Public ideas


Cities or the bush?

Parramatta early evening

There is an age-old but ever-changing tension between urban and non-urban regions. In Europe and the US that tension is manifest in electoral patterns: cities tend to be more progressive and liberal, but not necessarily “left” in the traditional sense, while rural regions are more conservative, and can provide refuges for the far right. In Australia that tension is also played out in electoral politics, most notably in the Liberal Party’s loss of support in our cities.

Another issue in Australia is the strange phenomenon of two-thirds of the population in a huge land mass being crowded in five large cities, with attendant problems of high housing prices and over-stressed infrastructure. For a long time there has been nearly political unity on the desirability of decentralization, but we never quite get there, even though communication technologies have weakened the tyranny of distance.

Two articles may prod policymakers to think a little more about spatial policy.

The journal Social Europe records a conversation with urban geographer Ash Amin, of Cambridge University (UK), titled Global cities: crucibles of innovation, the first of a series on global cities. For the most part his views, extolling the benefits of urbanization, are in line with those of most urbanists, but he makes the important point that simply crowding a lot of people together in one space does not guarantee that these benefits will be realized. He writes:

If this [urbanization] takes place in an environment of shared urban commons, where there are no wars over access to the means of flourishing—well-kitted out public space, liveable neighbourhoods, various infrastructures of education, credit and connectivity—then this civility of indifference to difference offers the possibility of plural and diffuse forms of innovation.

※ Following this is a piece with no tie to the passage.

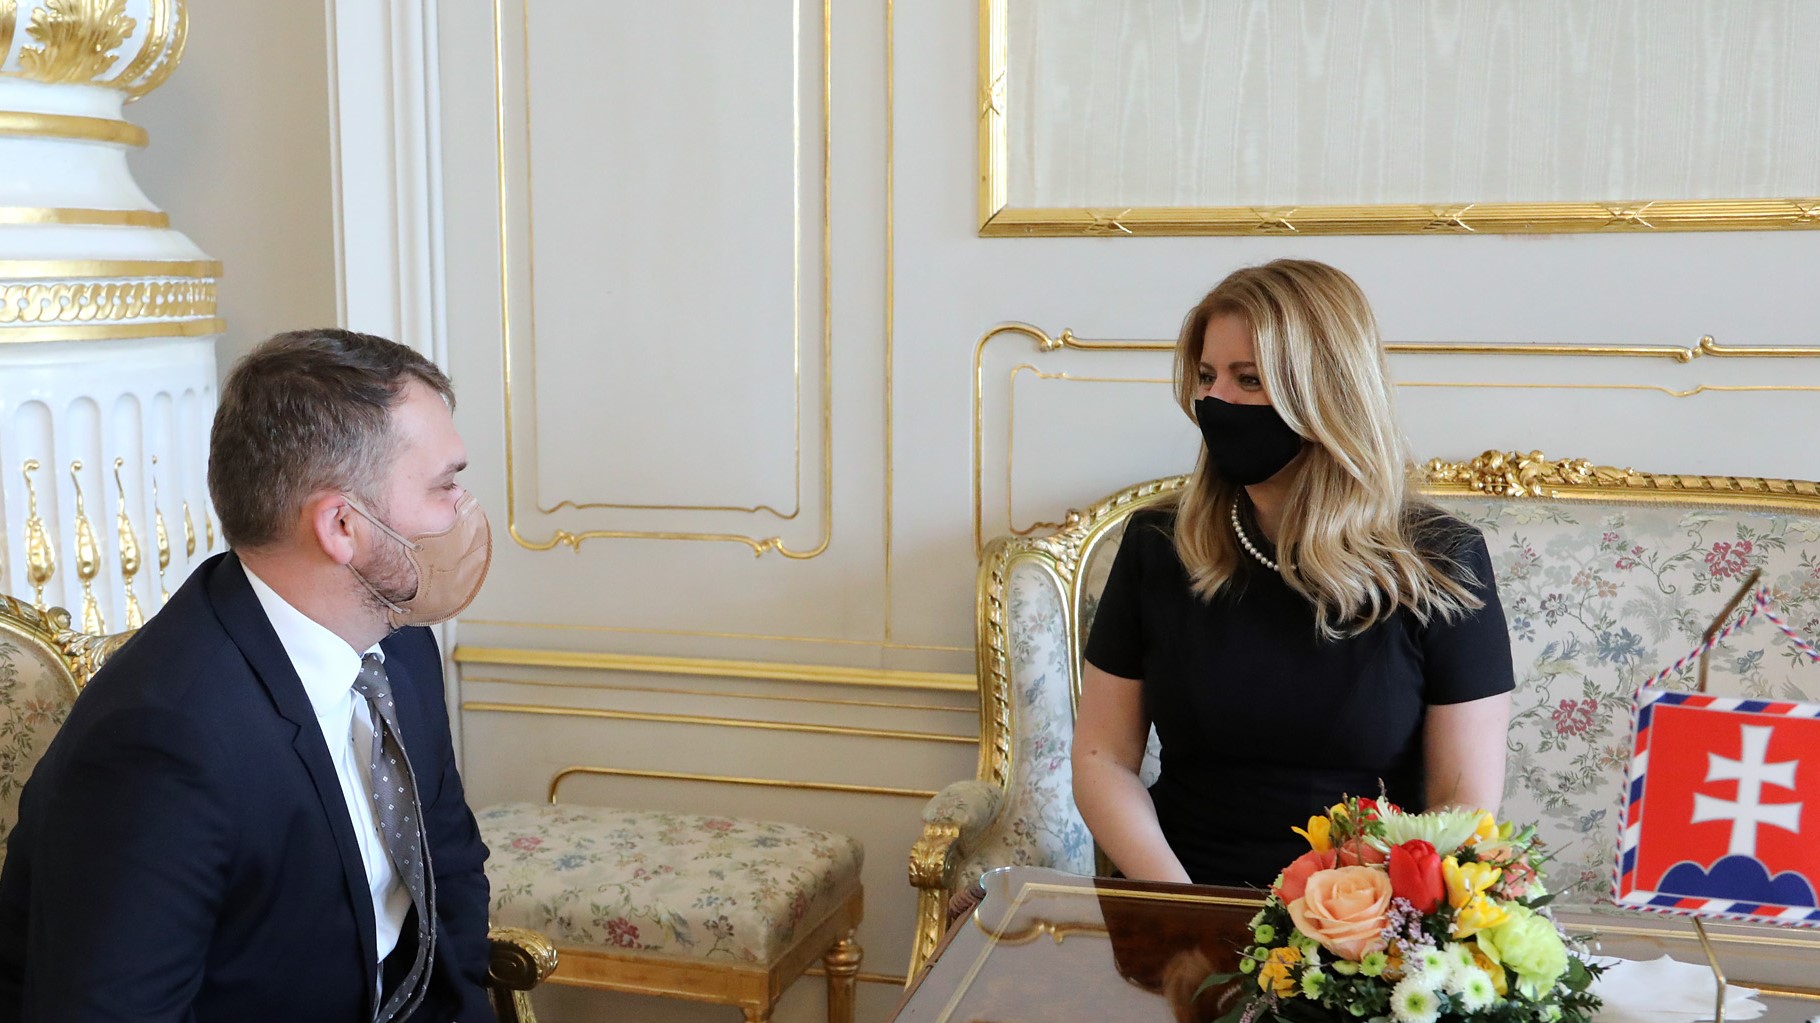 Predseda Slovenskej advokátskej komory Viliam Karas sa stretol s prezidentkou Slovenskej republiky Zuzanou Čaputovou
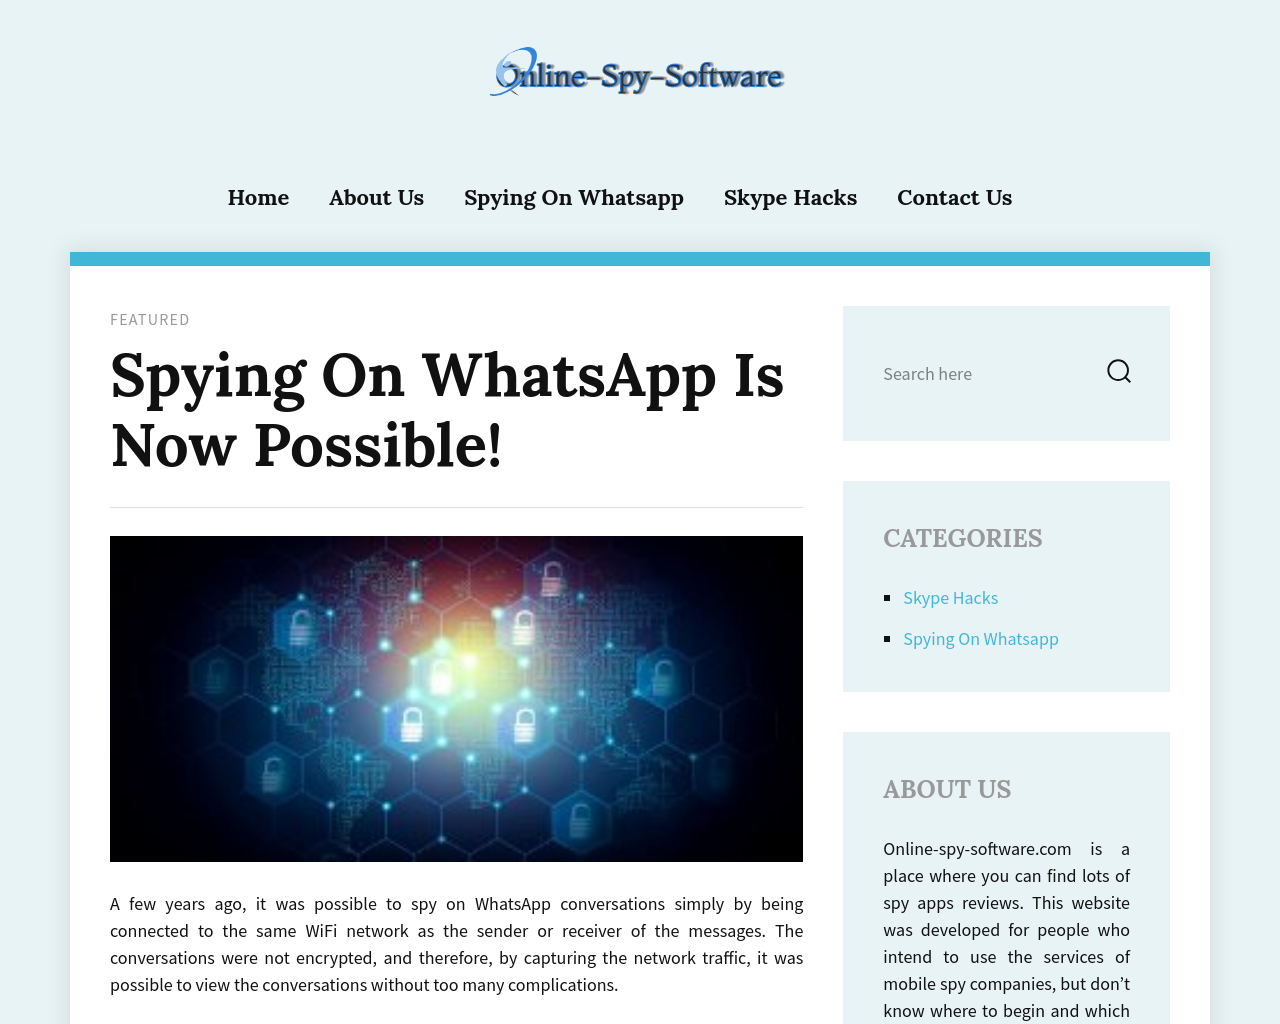 online-spy-software.com

From the perspective of non-urban regions there is a Conversation article by Saleena Ham of the University of Queensland: Why do small rural communities often shun newcomers, even when they need them? We generally regard social solidarity in a small community as a positive quality, but it can manifest as a rejection of the outsider:

The locals undermine, censure and attack, in overt or subtle ways, newcomers who are seeking to belong and contribute until they become disillusioned or just withdraw. Businesses fail and people leave. The small community stays the same, familiar and declining, and the locals are happy because they were proved right about the newcomers.

That’s a dismal perspective, and it certainly doesn’t describe all rural communities. For example Biloela in rural Queensland, has been in the news over recent years because it has been so welcoming to the Murugappan family, and there are many stories of other country towns welcoming refugees. But perhaps we miss the other communities – the ones we drive through as quickly as possible because we don’t like their vibes.


How “Christians” give Christianity a bad name

In a post on Easter Monday Ross Gittins wrote In politics and the economy, Christianity is increasingly suspect.

It’s a reminder to people of all religious conviction, or of no religious conviction, that the political stances of those who profess to hold and defend “Christian” values are often at variance with the generous and inclusive concept of Christianity held by many, including Gittins himself, who don’t mount the bully pulpit to condemn people’s personal behaviour.